* TASK INSTRUCTIONS: Output only an exact transcription of the line containing "新しいプロフィール写真は" and all lines that follow it in the data below.

* EXERCISE DATA:
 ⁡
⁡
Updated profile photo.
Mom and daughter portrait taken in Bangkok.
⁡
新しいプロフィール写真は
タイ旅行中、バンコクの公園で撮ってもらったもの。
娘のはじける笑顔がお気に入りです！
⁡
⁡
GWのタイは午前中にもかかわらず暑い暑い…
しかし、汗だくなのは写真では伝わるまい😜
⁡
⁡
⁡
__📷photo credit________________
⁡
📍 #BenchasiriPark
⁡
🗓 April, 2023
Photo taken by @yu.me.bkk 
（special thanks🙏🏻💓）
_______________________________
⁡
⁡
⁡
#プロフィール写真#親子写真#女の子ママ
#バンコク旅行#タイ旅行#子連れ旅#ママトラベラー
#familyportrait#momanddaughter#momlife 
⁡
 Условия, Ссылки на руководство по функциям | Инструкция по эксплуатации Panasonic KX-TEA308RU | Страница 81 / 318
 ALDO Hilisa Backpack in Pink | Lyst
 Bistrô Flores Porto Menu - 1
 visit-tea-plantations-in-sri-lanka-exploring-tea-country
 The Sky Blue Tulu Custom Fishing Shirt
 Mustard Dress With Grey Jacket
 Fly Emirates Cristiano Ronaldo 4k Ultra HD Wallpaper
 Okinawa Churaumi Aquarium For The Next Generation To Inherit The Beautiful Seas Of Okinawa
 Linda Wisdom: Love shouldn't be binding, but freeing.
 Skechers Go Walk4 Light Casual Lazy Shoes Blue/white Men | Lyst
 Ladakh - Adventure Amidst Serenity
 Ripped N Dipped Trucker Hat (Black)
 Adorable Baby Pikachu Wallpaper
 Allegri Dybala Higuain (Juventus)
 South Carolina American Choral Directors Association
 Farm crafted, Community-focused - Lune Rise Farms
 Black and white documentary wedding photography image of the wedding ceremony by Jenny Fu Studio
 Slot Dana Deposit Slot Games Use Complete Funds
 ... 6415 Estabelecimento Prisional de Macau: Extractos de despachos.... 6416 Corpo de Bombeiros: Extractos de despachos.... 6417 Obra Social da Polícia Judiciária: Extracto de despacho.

* RESULT:
新しいプロフィール写真は
タイ旅行中、バンコクの公園で撮ってもらったもの。
娘のはじける笑顔がお気に入りです！
⁡
⁡
GWのタイは午前中にもかかわらず暑い暑い…
しかし、汗だくなのは写真では伝わるまい😜
⁡
⁡
⁡
__📷photo credit________________
⁡
📍 #BenchasiriPark
⁡
🗓 April, 2023
Photo taken by @yu.me.bkk 
（special thanks🙏🏻💓）
_______________________________
⁡
⁡
⁡
#プロフィール写真#親子写真#女の子ママ
#バンコク旅行#タイ旅行#子連れ旅#ママトラベラー
#familyportrait#momanddaughter#momlife 
⁡
 Условия, Ссылки на руководство по функциям | Инструкция по эксплуатации Panasonic KX-TEA308RU | Страница 81 / 318
 ALDO Hilisa Backpack in Pink | Lyst
 Bistrô Flores Porto Menu - 1
 visit-tea-plantations-in-sri-lanka-exploring-tea-country
 The Sky Blue Tulu Custom Fishing Shirt
 Mustard Dress With Grey Jacket
 Fly Emirates Cristiano Ronaldo 4k Ultra HD Wallpaper
 Okinawa Churaumi Aquarium For The Next Generation To Inherit The Beautiful Seas Of Okinawa
 Linda Wisdom: Love shouldn't be binding, but freeing.
 Skechers Go Walk4 Light Casual Lazy Shoes Blue/white Men | Lyst
 Ladakh - Adventure Amidst Serenity
 Ripped N Dipped Trucker Hat (Black)
 Adorable Baby Pikachu Wallpaper
 Allegri Dybala Higuain (Juventus)
 South Carolina American Choral Directors Association
 Farm crafted, Community-focused - Lune Rise Farms
 Black and white documentary wedding photography image of the wedding ceremony by Jenny Fu Studio
 Slot Dana Deposit Slot Games Use Complete Funds
 ... 6415 Estabelecimento Prisional de Macau: Extractos de despachos.... 6416 Corpo de Bombeiros: Extractos de despachos.... 6417 Obra Social da Polícia Judiciária: Extracto de despacho.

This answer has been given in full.